When considering people connections, go simple. Rather than jump to the most difficult way to connect people, start with the simplest; a network. Maybe the people involved in the process just need to know one another and need to communicate every once in a while. It is a pretty common complaint that people don’t know the others involved in getting the work done, especially in processes that stretch geographic boundaries.
If more than an informal network is called for, consider establishing a team. Teams are more formal than networks, with defined roles, a common objective and usually established rules on conduct and meetings / communication. Teams are a simple, popular and wonderful bridging mechanism. Creating the right teams does not require a reorganization, everyone still reports to the same boss, they still work in the same group, but now they have a place (a team) where they are included and that has a common goal to accomplish a certain task.
The creation of integrative roles such as account managers is helpful if even further connection and coordination is needed. If the work requires a significant amount of oversight and management, creating a role where a person manages that process across functions and handoffs may be required.
My experience is that leaders and others often jump right to matrix type of connections boasting “We work in a matrixed organization.” A true matrix organization is very difficult to establish and maintain. It requires a highly collaborative culture, especially at the management level. In a matrix organization, two managers are accountable for a particular role. They must set aside their functional ambitions and consider outcomes for the larger organization, and that is much more difficult than it sounds.

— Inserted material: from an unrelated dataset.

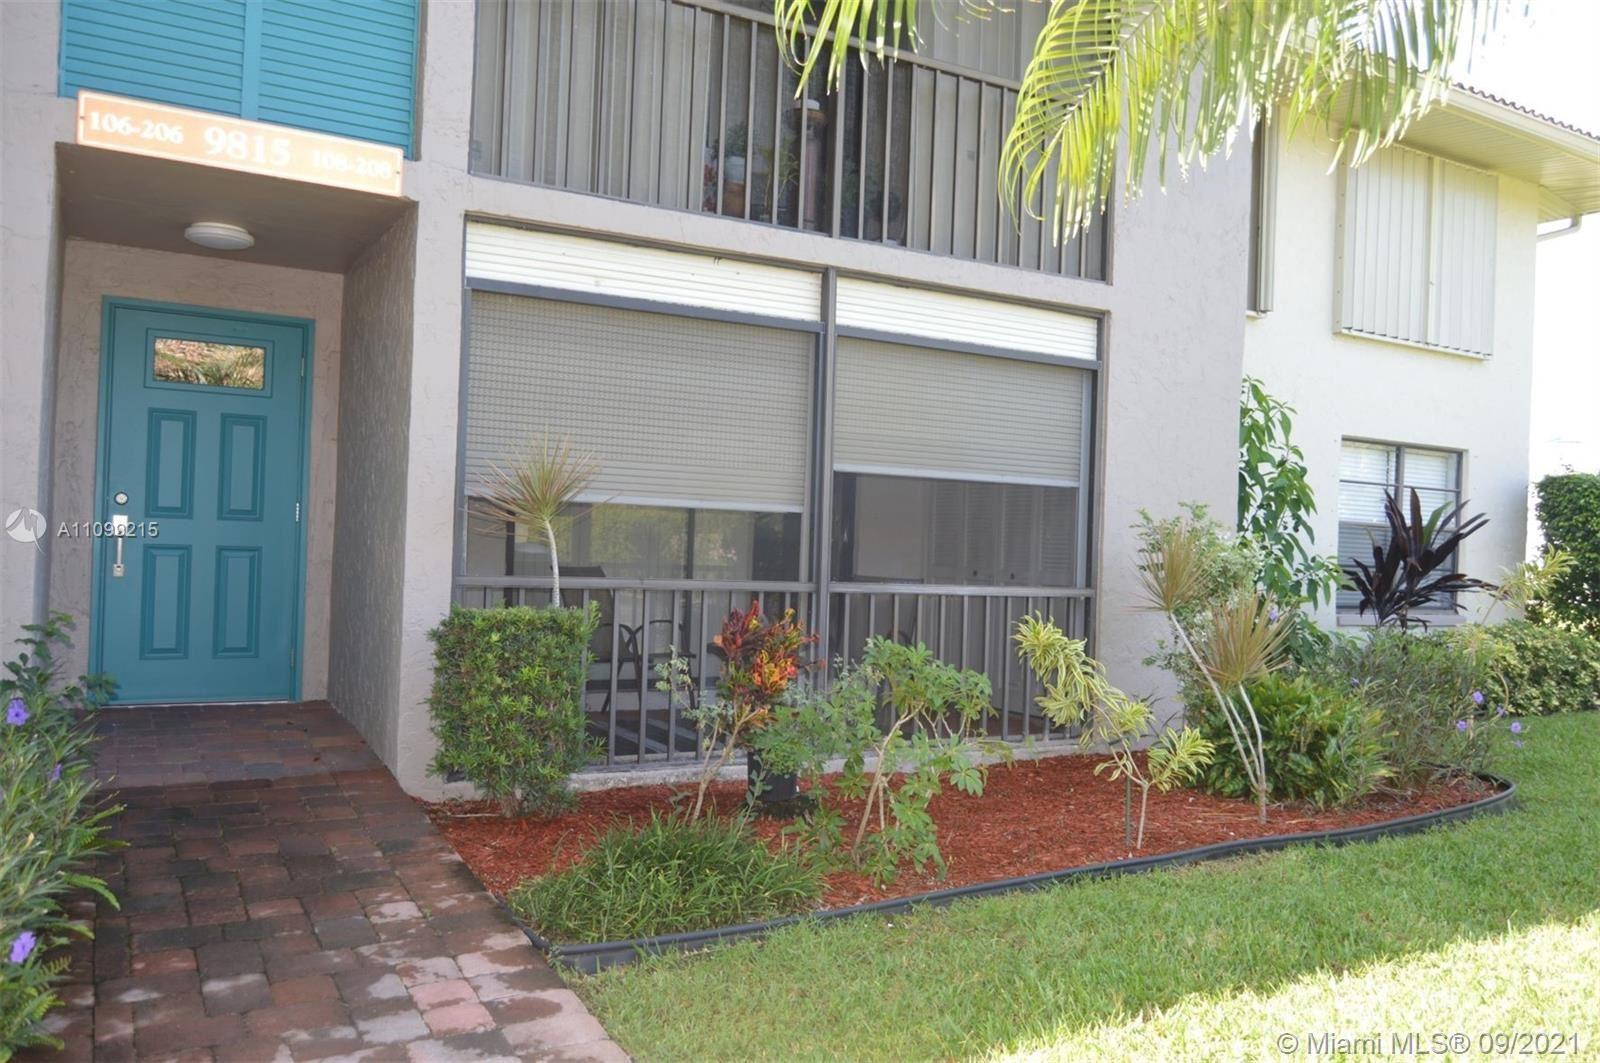 9815 Pineapple Tree Dr #108, Boynton Beach, FL 33436 - #: A11099215

In short, some alternatives to reorganizing your group may be found in the simplest ways. Focus on your process for getting work done, especially as work crosses structural boundaries. Ensure those involved in handoffs are super clear on their roles and responsibilities. Consider your people connections. Are the right people connected and in the right ways? Do we need an informal network to connect those involved in the process, or is more required such as establishing a team or special oversight role?
These mechanisms are easy to establish and can increase collaboration and productivity very quickly. Consider these organizational tools before pulling out the reorganization hammer!